Ngx_http_stub_status_module collects instance-level statistics.

VTS module

The VTS Module has three obvious disadvantages.

  • Complex Installation Although the VTS Module can collect indicators of various types, its installation is complex. If you want to use the VTS Module, you need to recompile Nginx, add the VTS Moudle before compiling Nginx, and reinstall Nginx after compiling.
  • The extension capability of VTS is divided into two parts. One is to add extensions to VTS before compiling. The second is to add an extension after compilation — modify the nginx.conf configuration file. Adding an extension to the nginx.conf file to make Nginx Reload, or direct production environment reload, more or less affects the business.
  • The VTS Module, which was last updated in 2018, has been out of service for 3 years.

Nginx Amplify SaaS

Nginx Amplify is a SaaS service. Nginx Amplify provides services on the remote end, installing Agents outside of Nginx services. If the collection module is installed outside Nginx, the collection indicators will be limited. Only the information exposed by Nginx can be obtained, and the internal information that is not exposed cannot be obtained. In addition, this is a SaaS service, which needs to transfer the collected data to the server through the public network, which will bring some security risks and keep some enterprise users out. Maybe Nginx Amplify is aimed at business users like Nginx Plus, not open source users. The Nginx Amplify SaaS community has also been inactive for two years.

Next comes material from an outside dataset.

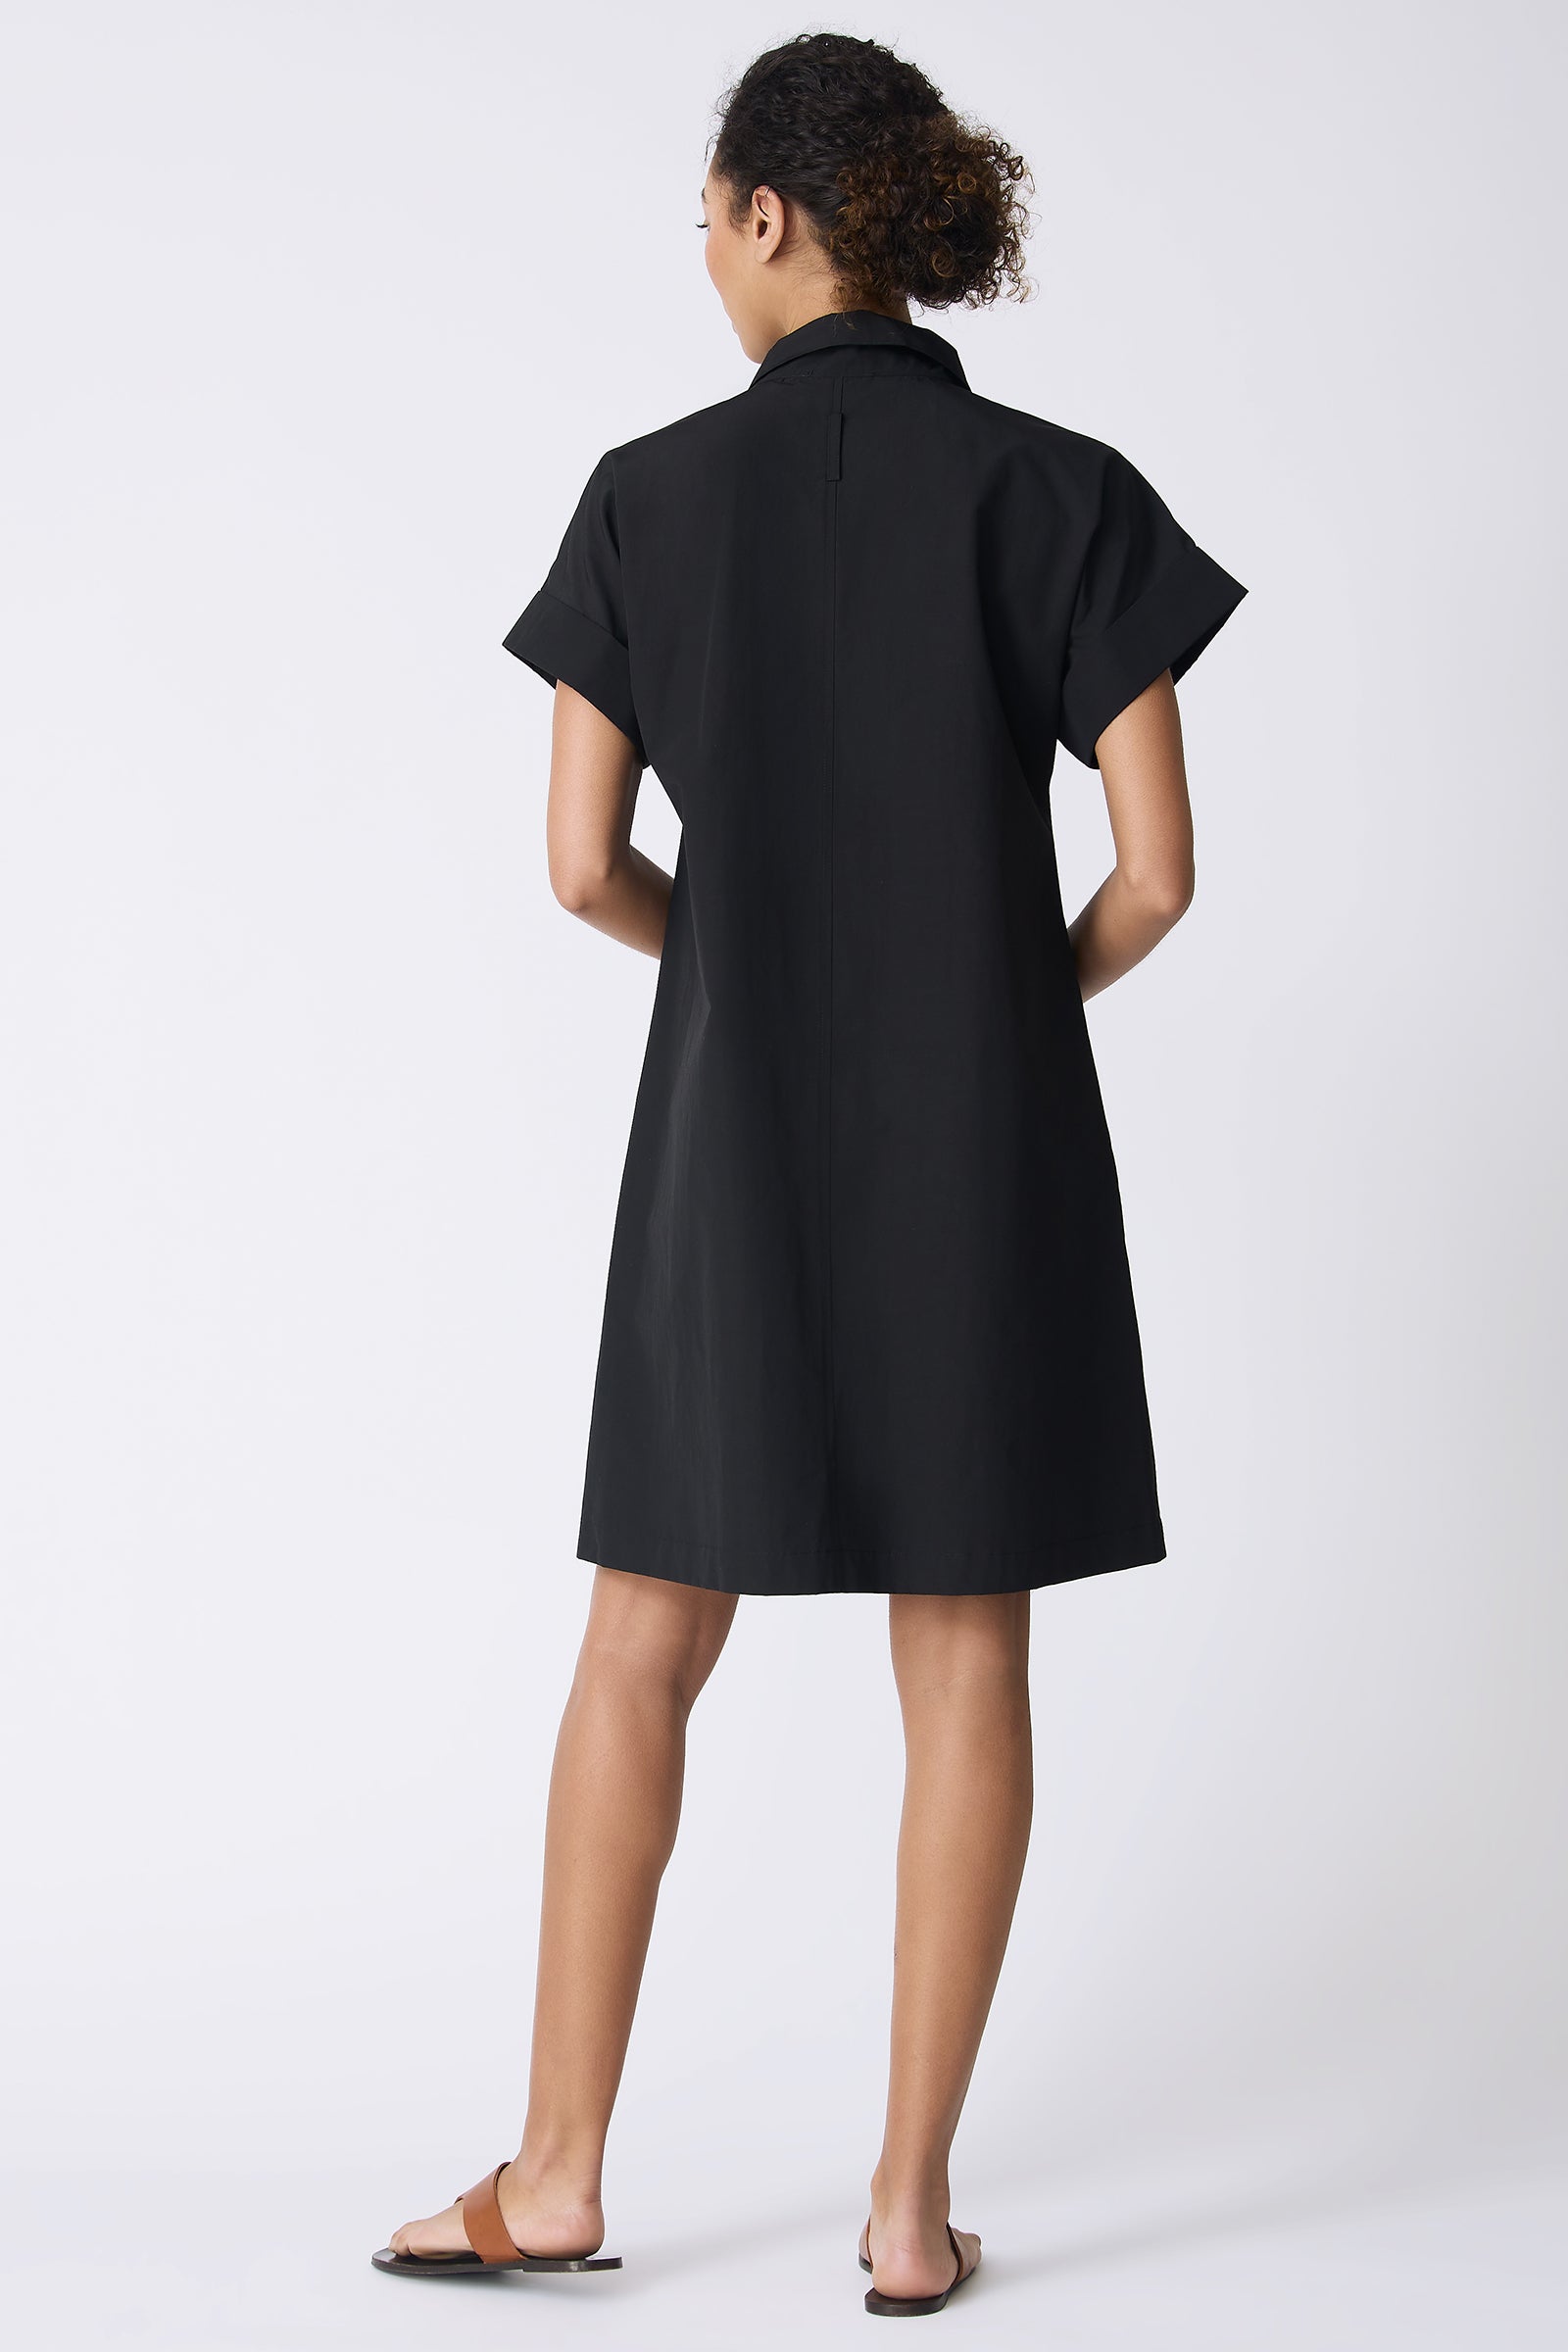 Kal Rieman Holly Kimono Dress in Black on model full back view

2. Nginx’s own Events defect

Nginx is configured based on nginx.conf, and the configuration takes effect via the Reload nginx.conf file. There are no other Events other than reload, so we can’t know what happens to the file each time we change it. For example, we only configured one route at first, and we changed the file to add 10 routes. Only the reload event can’t know which 10 routes are added. 2. Nginx open source products lack active health checks. Nginx is a reverse proxy, and the real back-end service may be restarted, upgraded, or abnormal. If there is no active health check, the passive check can only know that the service is in trouble when the traffic is abnormal. As a result, many Events will be lost, resulting in incomplete upstream Events event information.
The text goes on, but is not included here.